As well as the techology, I'd think there was a lot of value for developers in tackling the new challenges we face:

-How to collaborate with designers.
-Enough detail on capabilities to know where to look in the reference, and how to explain those capabilities to usability engineers.
-Background to the technical decisions made by MS, such as the full screen notification. So these can be explained to business decision makers, rather than spending time trying to subvert them.
-Real world architectures e.g. interacting with CMS systems.

Anonymous said...

hey there, that's great you're writing a book, I'm looking forward to these new WPF books, unfortunately in NZ there's not much of a community yet! anyway I have a couple of things I don't like in books so I thought I'd contribute my two cents...

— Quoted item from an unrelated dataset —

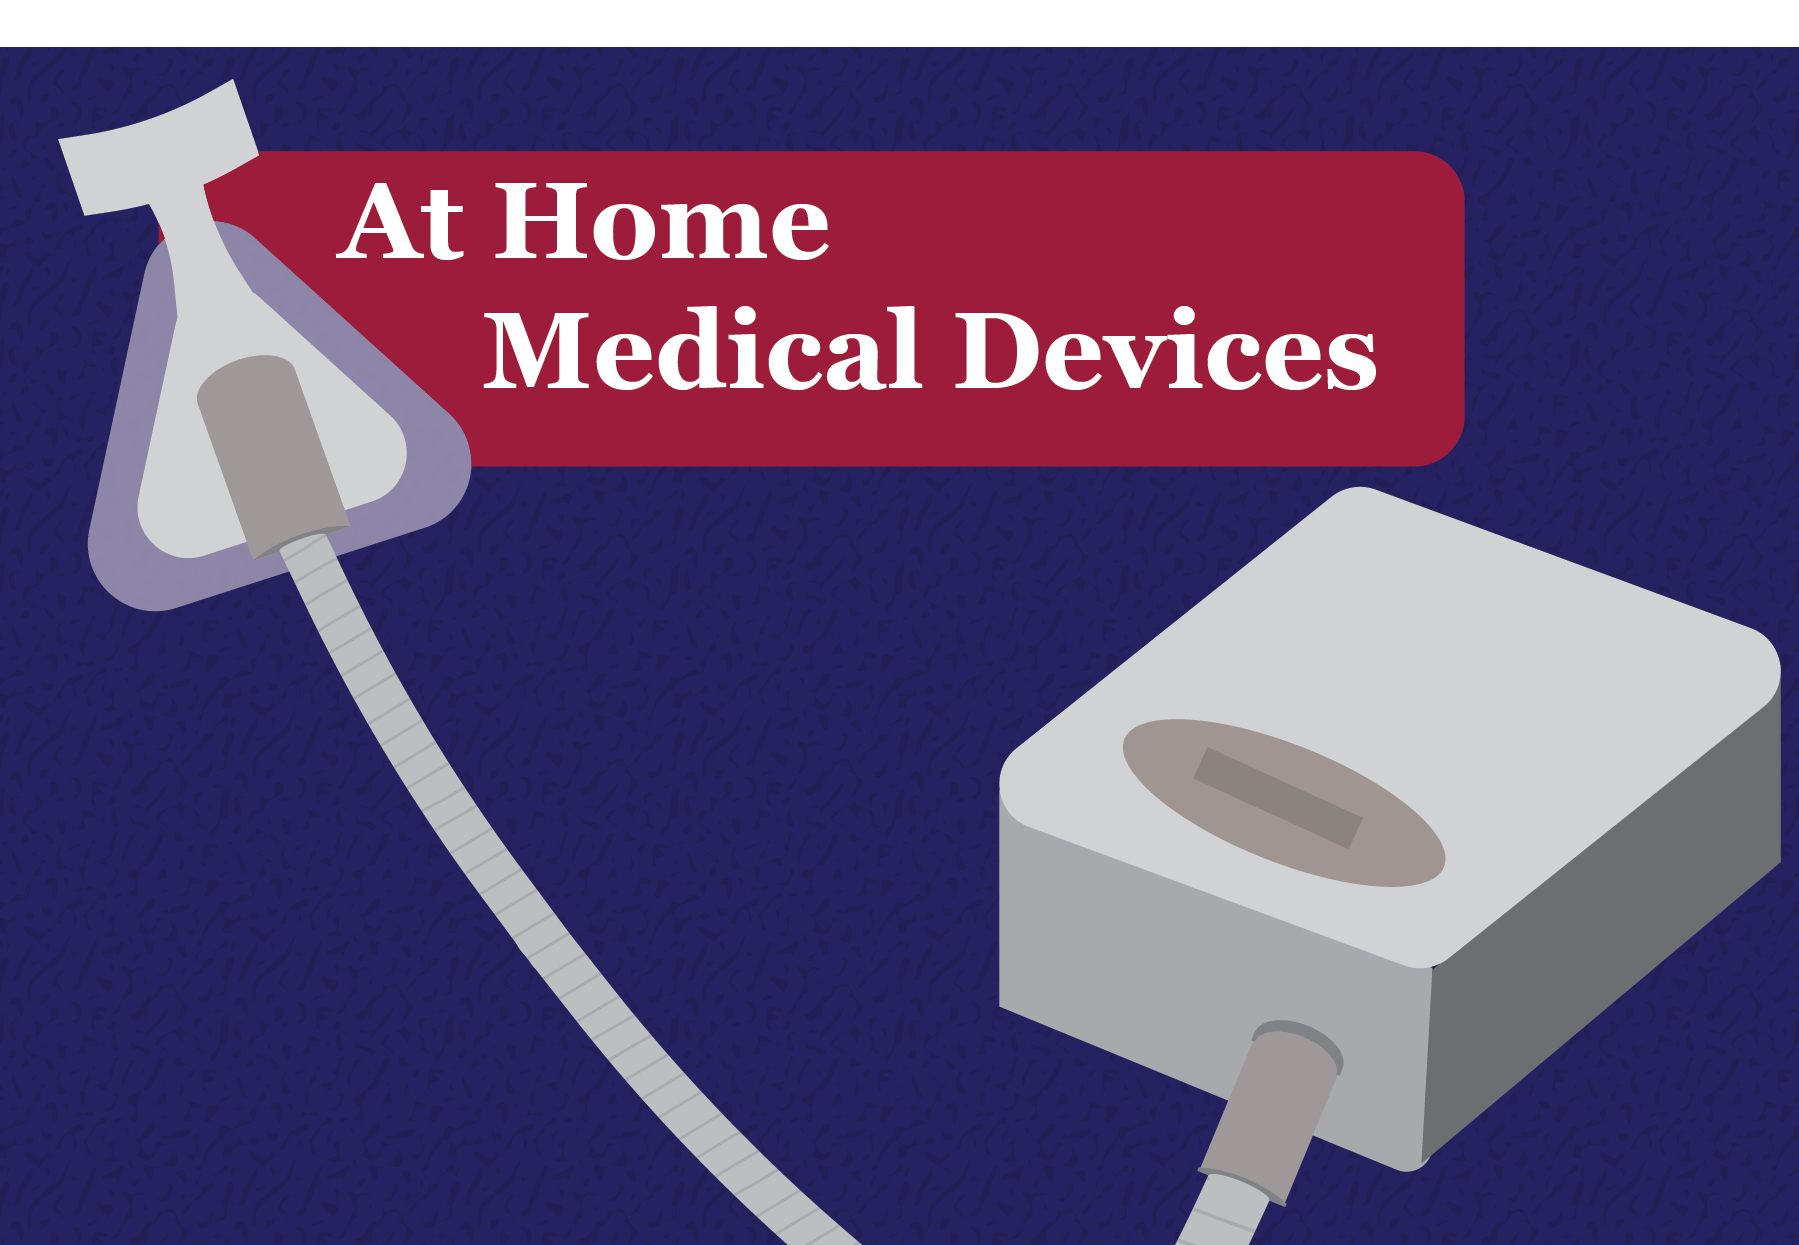 At Home Medical Devices

1. I don't like books that focus on building one project throughout the entire book - it makes it really hard to pick up the book and go straight to Chapter 9... plus it can make it hard to apply the skills to different projects. So a variety of different examples is good.

2. I think the biggest problem with text books is that they take 800 pages to say what could have been said in 50 if they cut straight to the chase - I don't have much time, so I really appreciate it when chapters are summarised and indexed correctly!

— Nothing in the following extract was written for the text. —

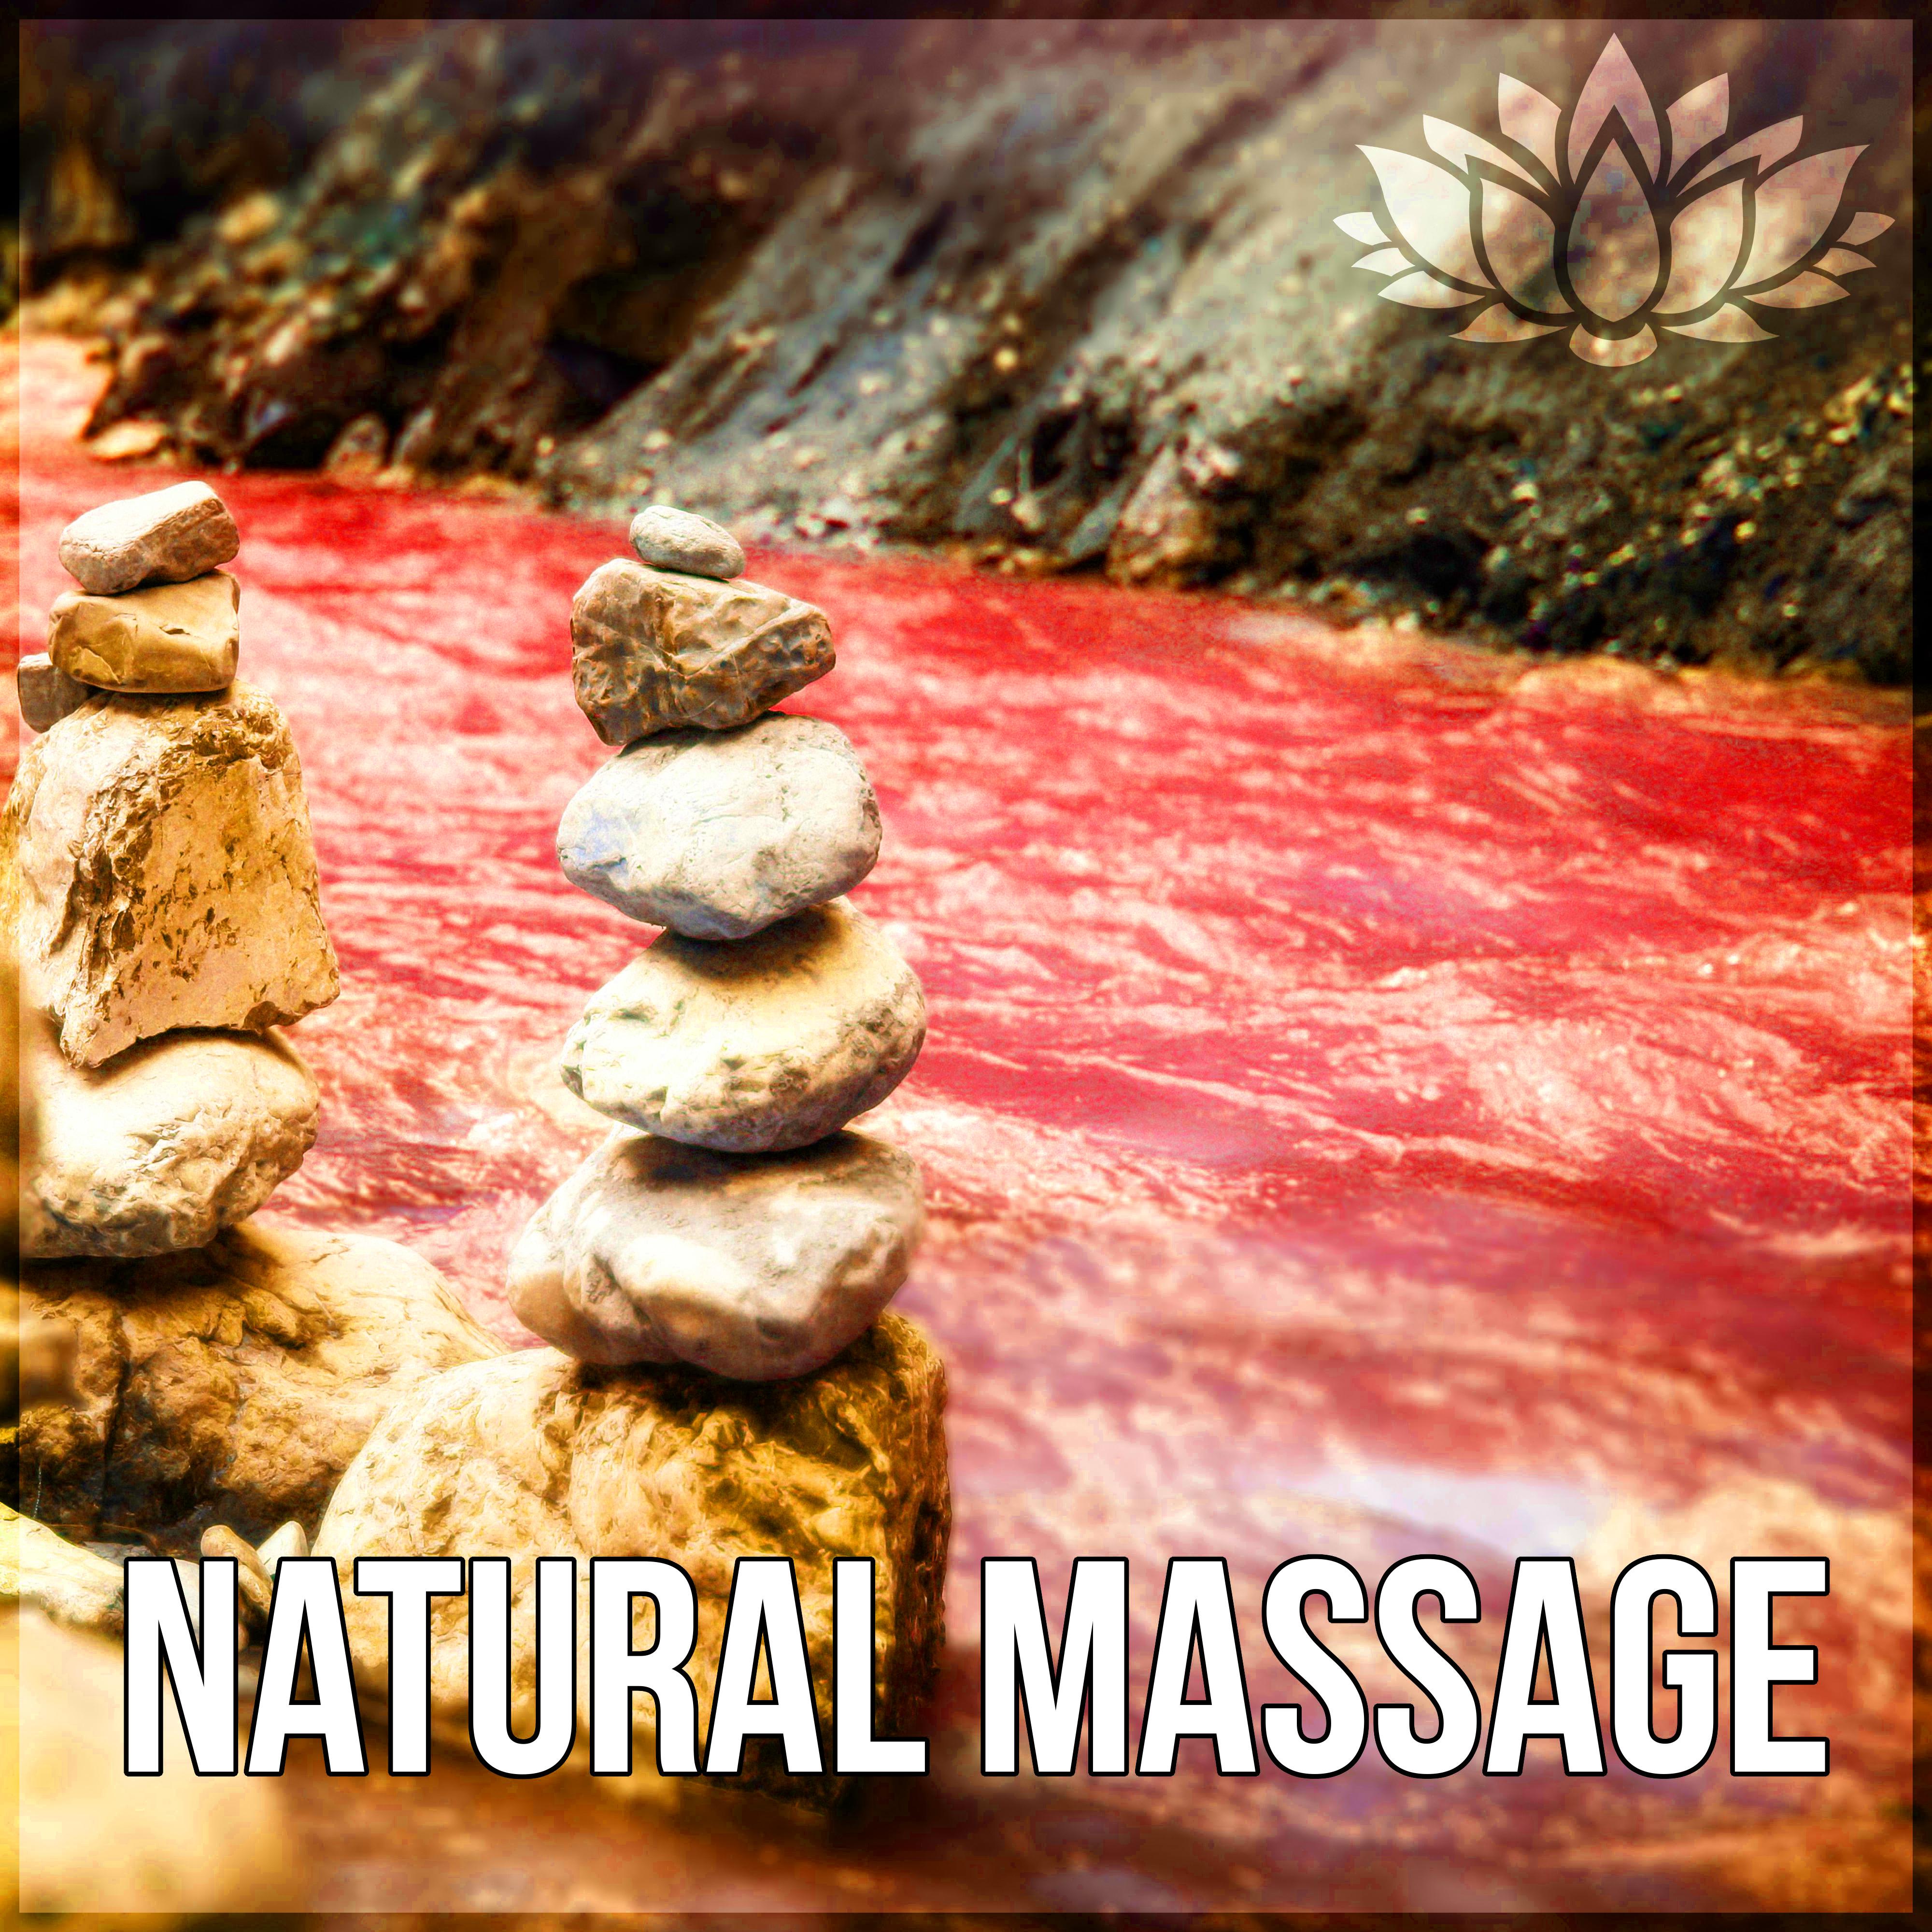 Natural Massage - Therapy Music, Sounds of Nature, Healing Music, Relaxing Massage, Inner Silence, Gentle Touch

And a spaced out layout always makes reading easier.

Hope that helps... can't wait to read the book,

Cheers,
Nas

Anonymous said...

hi,

this was posted in may so may be i m late for this but here are my comments. It would be really helpful if you can demonstrate practicle example as well as hello world example. It is very important to understand where silveright can be used in real world applications. We are know we can create dynamic watch from it :). Some illustration would be nice too. i.e. core design of slverlight

Anonymous said...

I'm an architecture and systems person and guess i find a contextual statement helps me understand what it is i'm dealing with, ie black box description of the component parts around Silverlight, both Client and Server side. Then Hello World, then in the case of Silverlight, data IO and UI manipulation, ie integrating Browser and Silverlight programming approaches, then beef up the Silverlight XAML examples, timelines, then discussion of data communications with WebServices, and then deployment. In my experience good books address the difficult challenges and address practical examples of real world uses. Hope that helps... and you'll have at least one customer!!